| Exercise data |
-- Opening Marker --

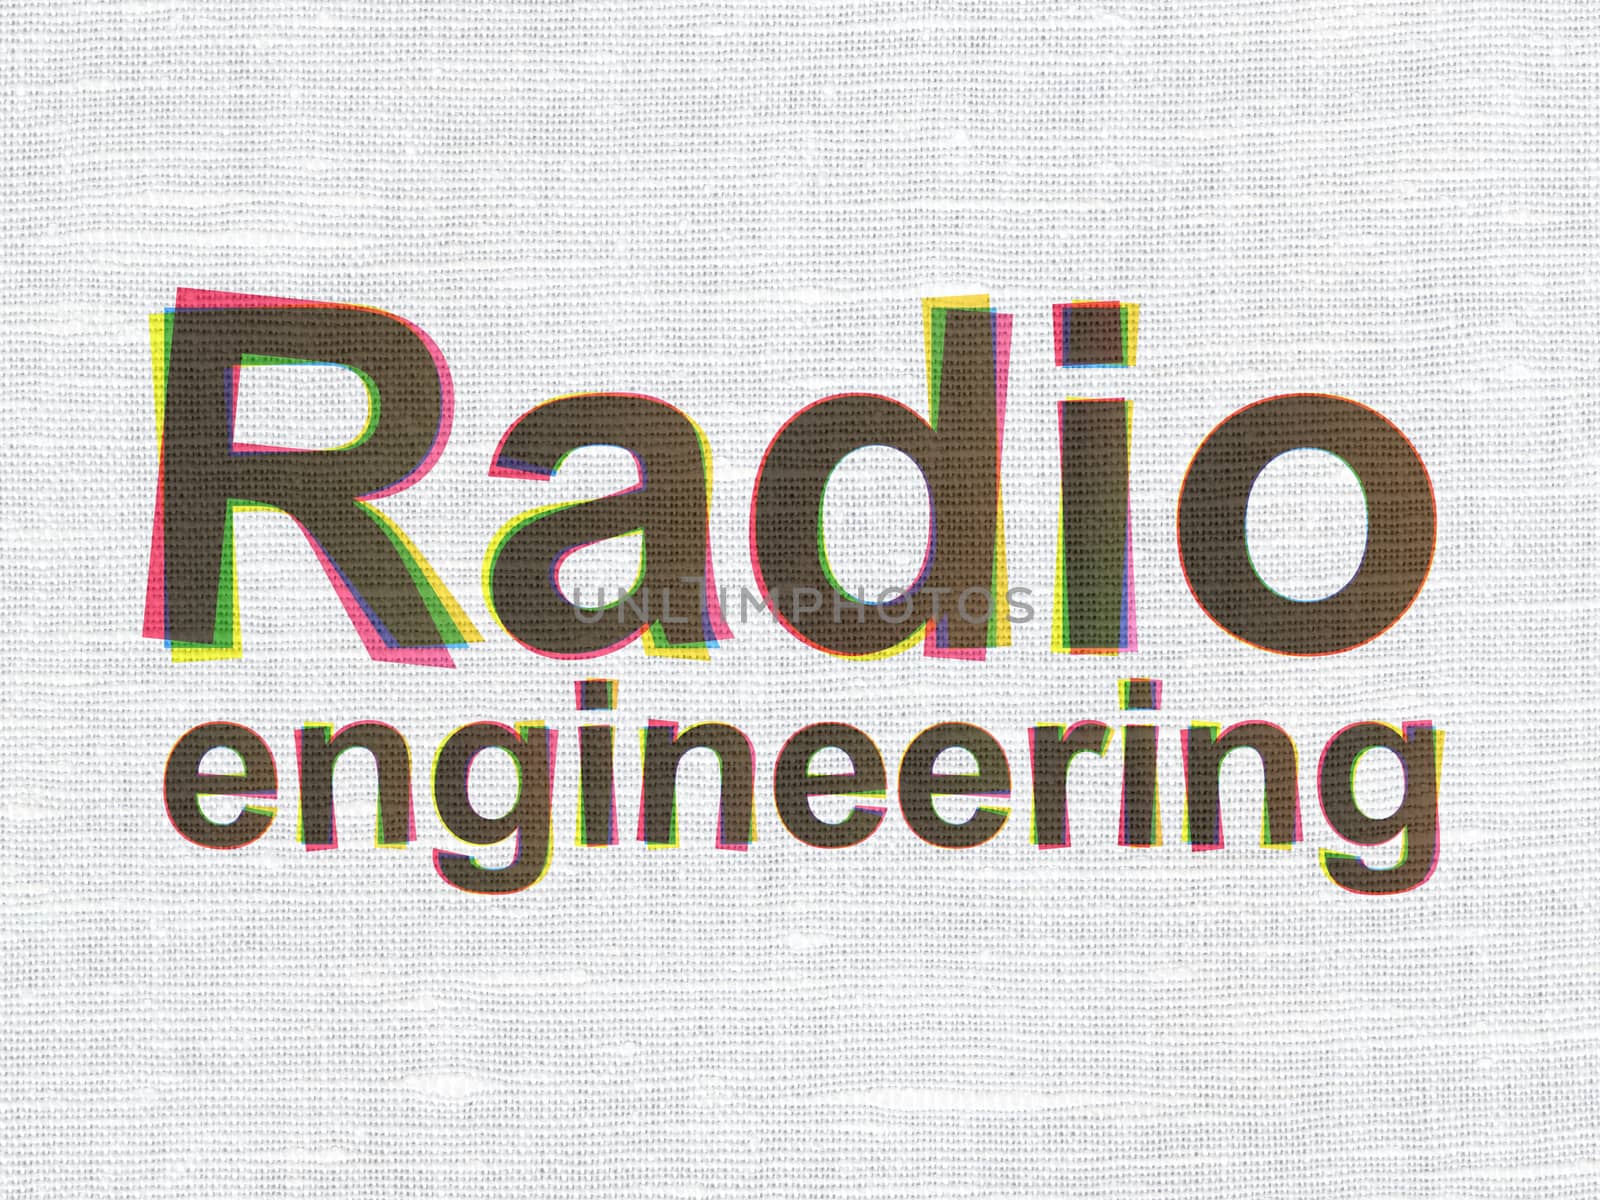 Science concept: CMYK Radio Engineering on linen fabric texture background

-- Closing Marker --
-- Opening Marker --

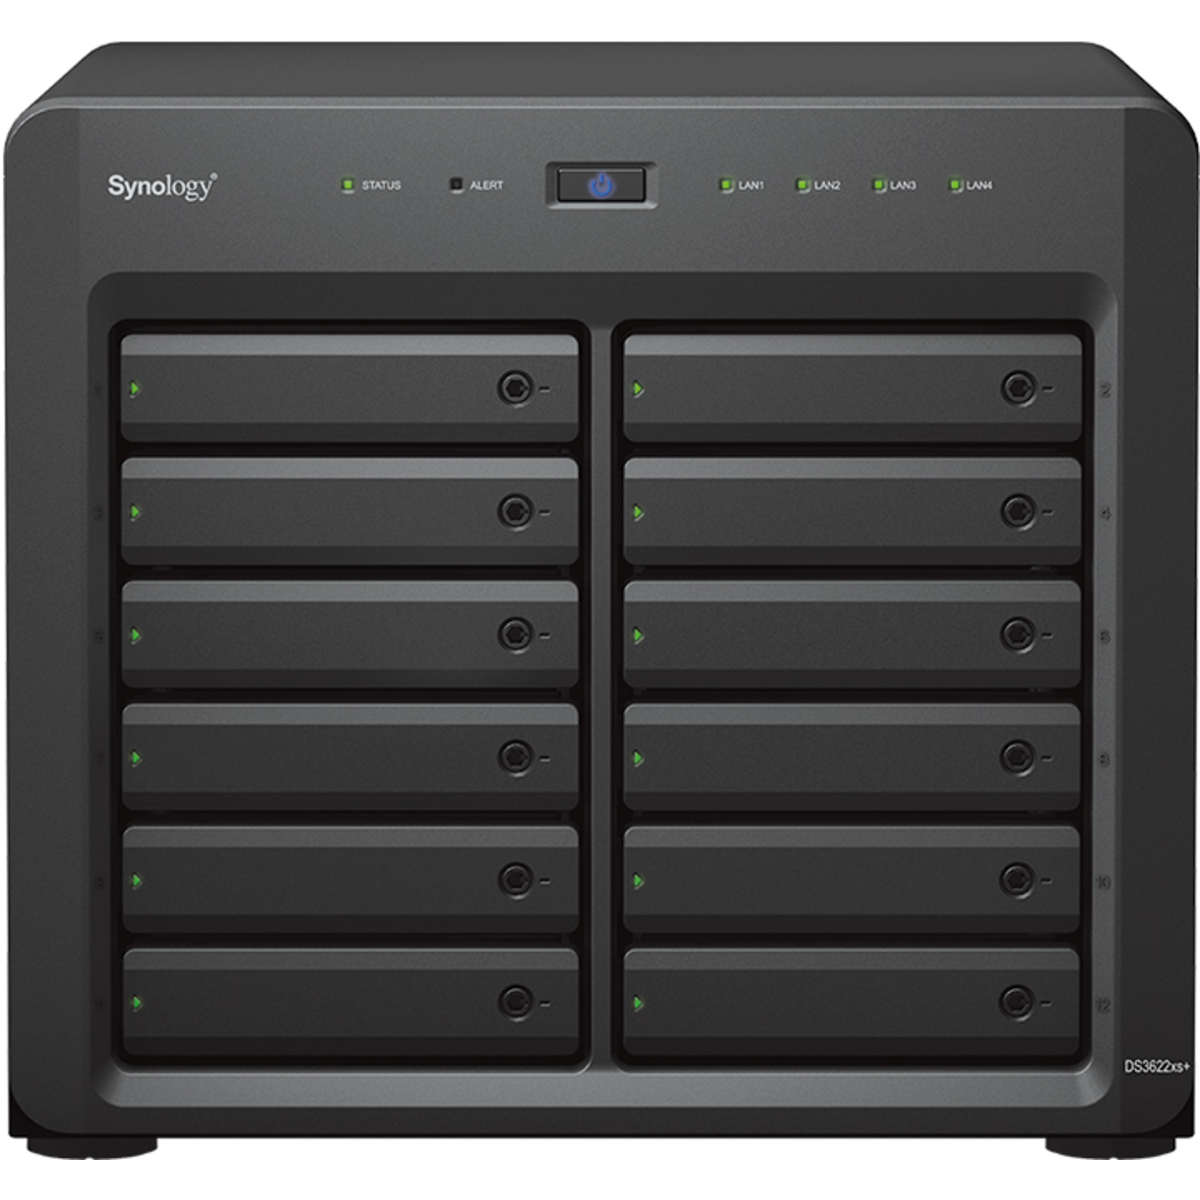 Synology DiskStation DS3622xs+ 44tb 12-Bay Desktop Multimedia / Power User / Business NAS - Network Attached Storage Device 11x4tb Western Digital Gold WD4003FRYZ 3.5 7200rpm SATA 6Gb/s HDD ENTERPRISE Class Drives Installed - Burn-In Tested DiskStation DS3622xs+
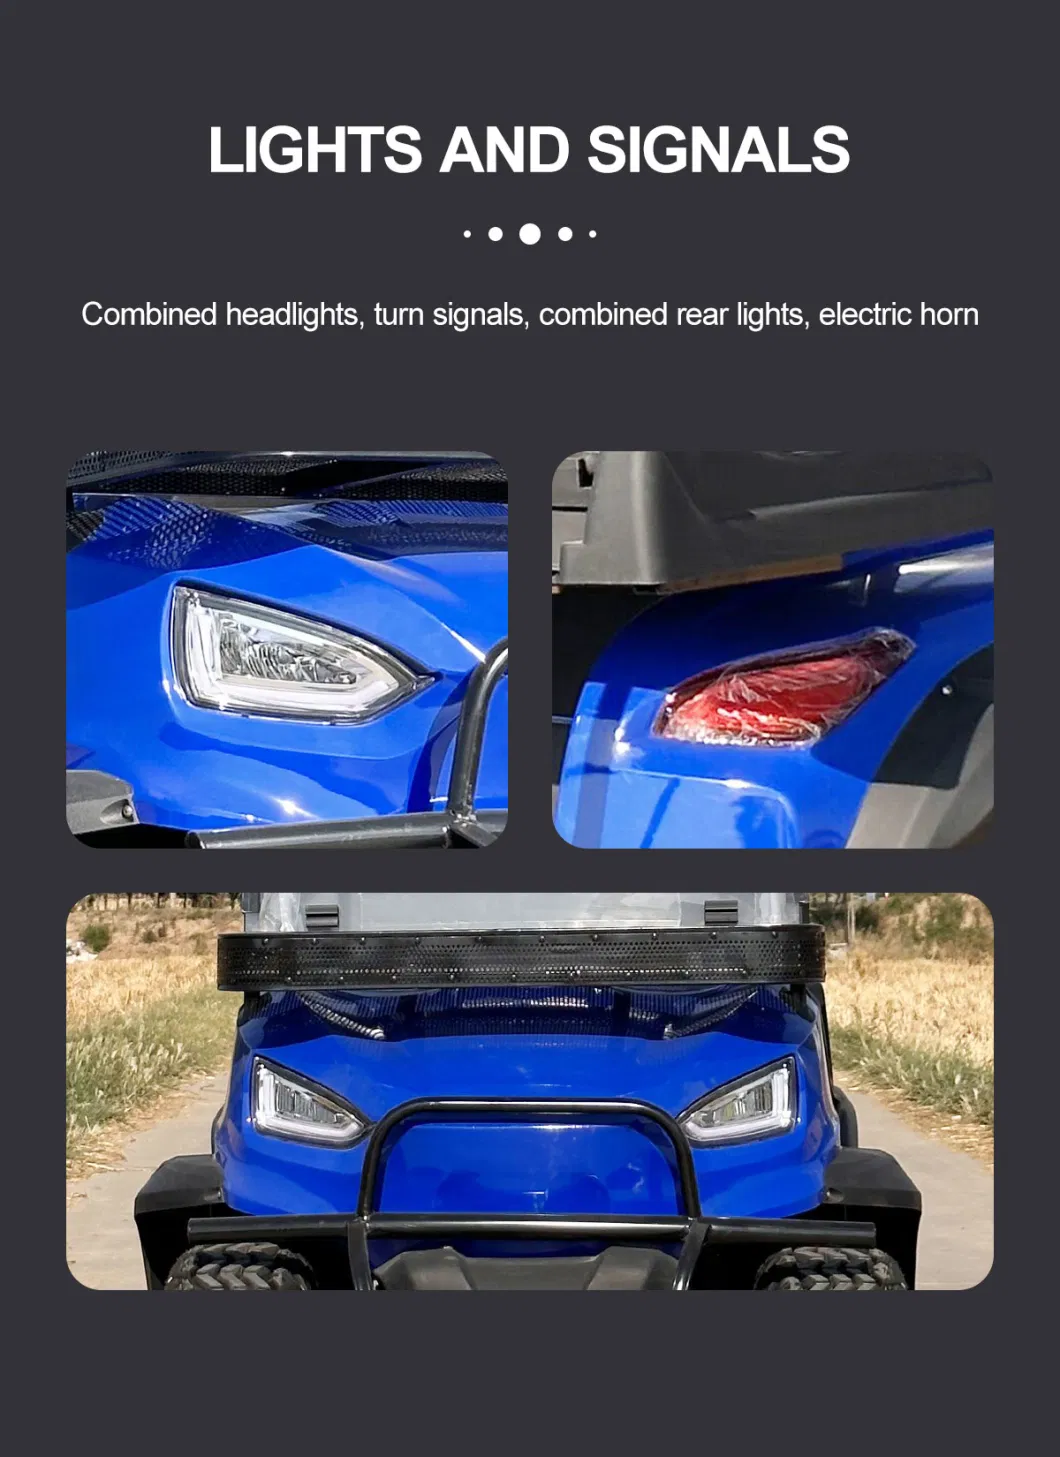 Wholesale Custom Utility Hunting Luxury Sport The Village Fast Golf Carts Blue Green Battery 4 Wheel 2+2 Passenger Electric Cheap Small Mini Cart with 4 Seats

-- Closing Marker --

Your answer should consist of the lines above between those holding "Synology DiskStation DS3622xs+" and "Wholesale Custom Utility", inclusive, reproduced word for word and without pictures.

| Expected answer |
 Synology DiskStation DS3622xs+ 44tb 12-Bay Desktop Multimedia / Power User / Business NAS - Network Attached Storage Device 11x4tb Western Digital Gold WD4003FRYZ 3.5 7200rpm SATA 6Gb/s HDD ENTERPRISE Class Drives Installed - Burn-In Tested DiskStation DS3622xs+
 Wholesale Custom Utility Hunting Luxury Sport The Village Fast Golf Carts Blue Green Battery 4 Wheel 2+2 Passenger Electric Cheap Small Mini Cart with 4 Seats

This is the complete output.